■ **Exercise goal**
Starting at the line that contains "4 bed detached" and stopping at the line that contains "Cow in Jomsom", transcribe every line of the material below exactly; pictures stay out.

[[ Data records, beginning ]]

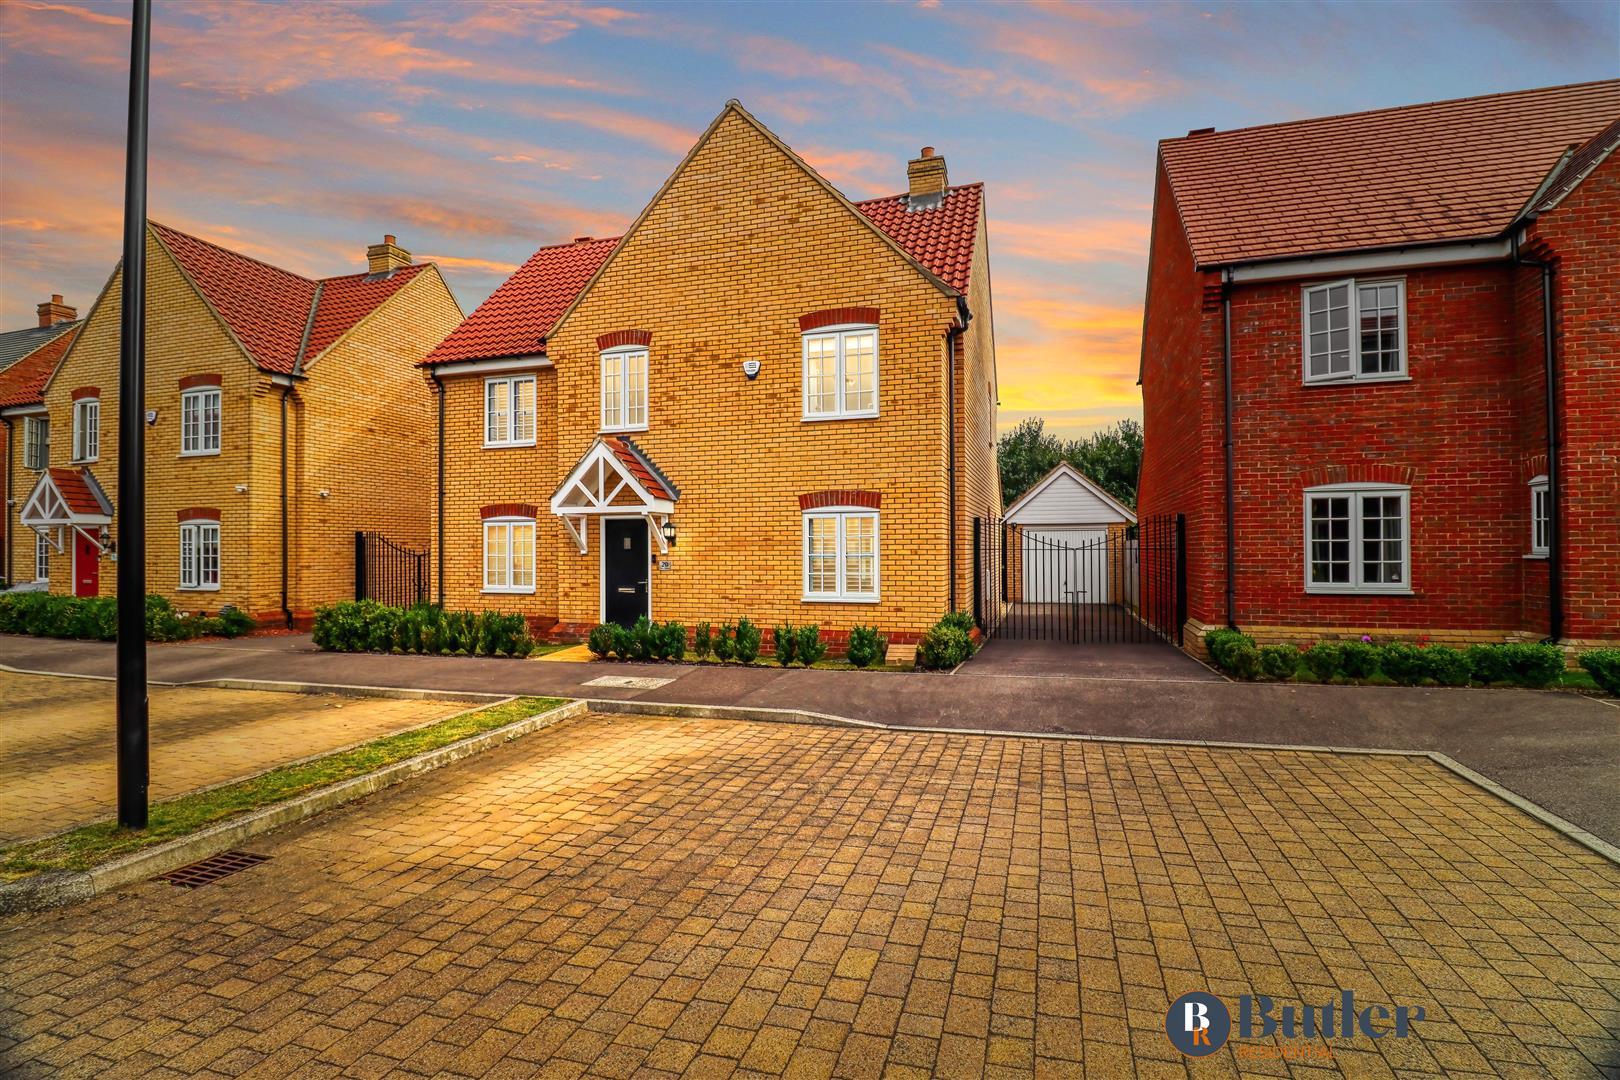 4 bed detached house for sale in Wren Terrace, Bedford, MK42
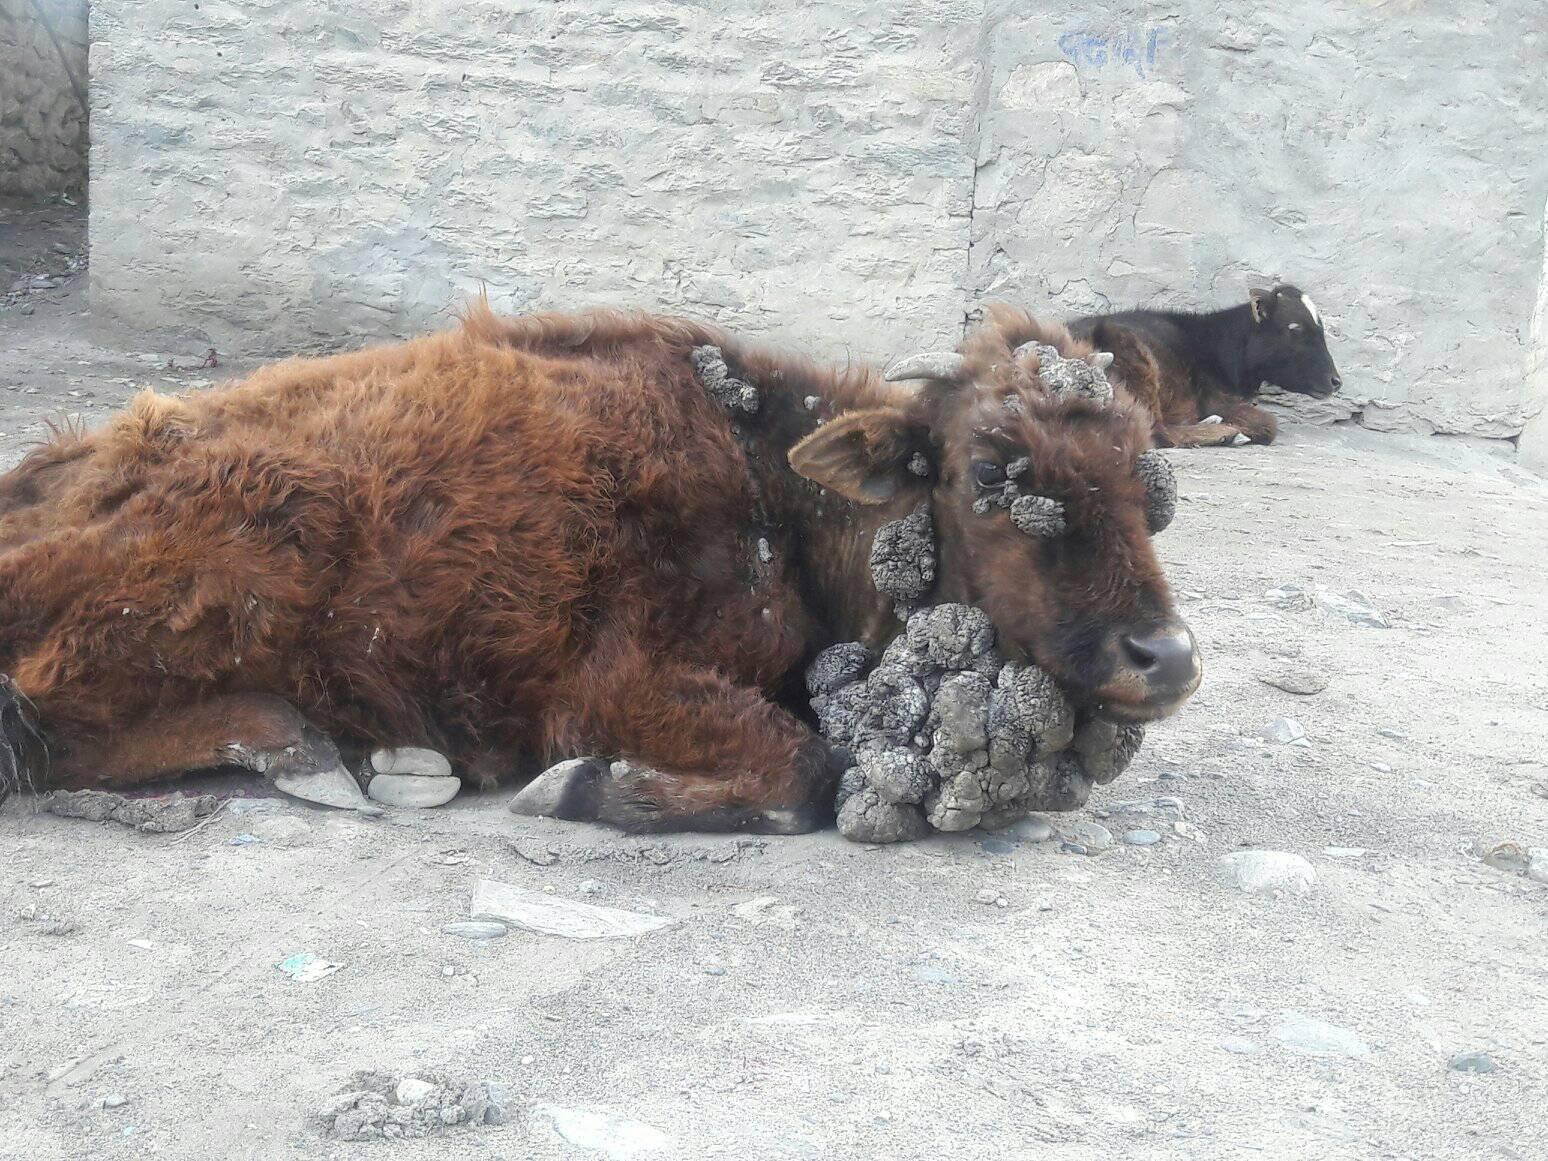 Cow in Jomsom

[[ Data records, end ]]
[[ Data records, beginning ]]

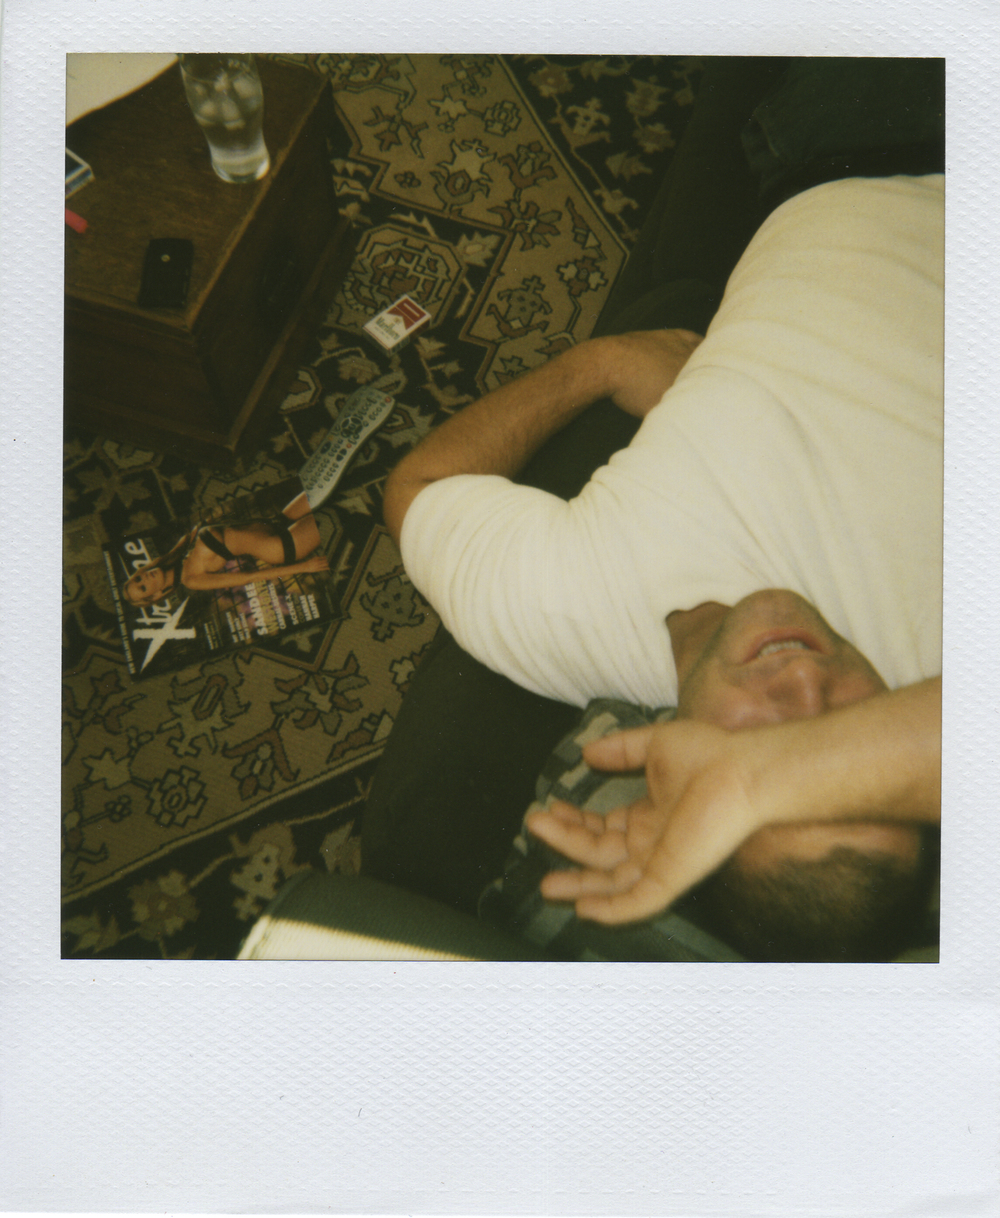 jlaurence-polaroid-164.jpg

[[ Data records, end ]]

■ **Response to the task**
 4 bed detached house for sale in Wren Terrace, Bedford, MK42
 Cow in Jomsom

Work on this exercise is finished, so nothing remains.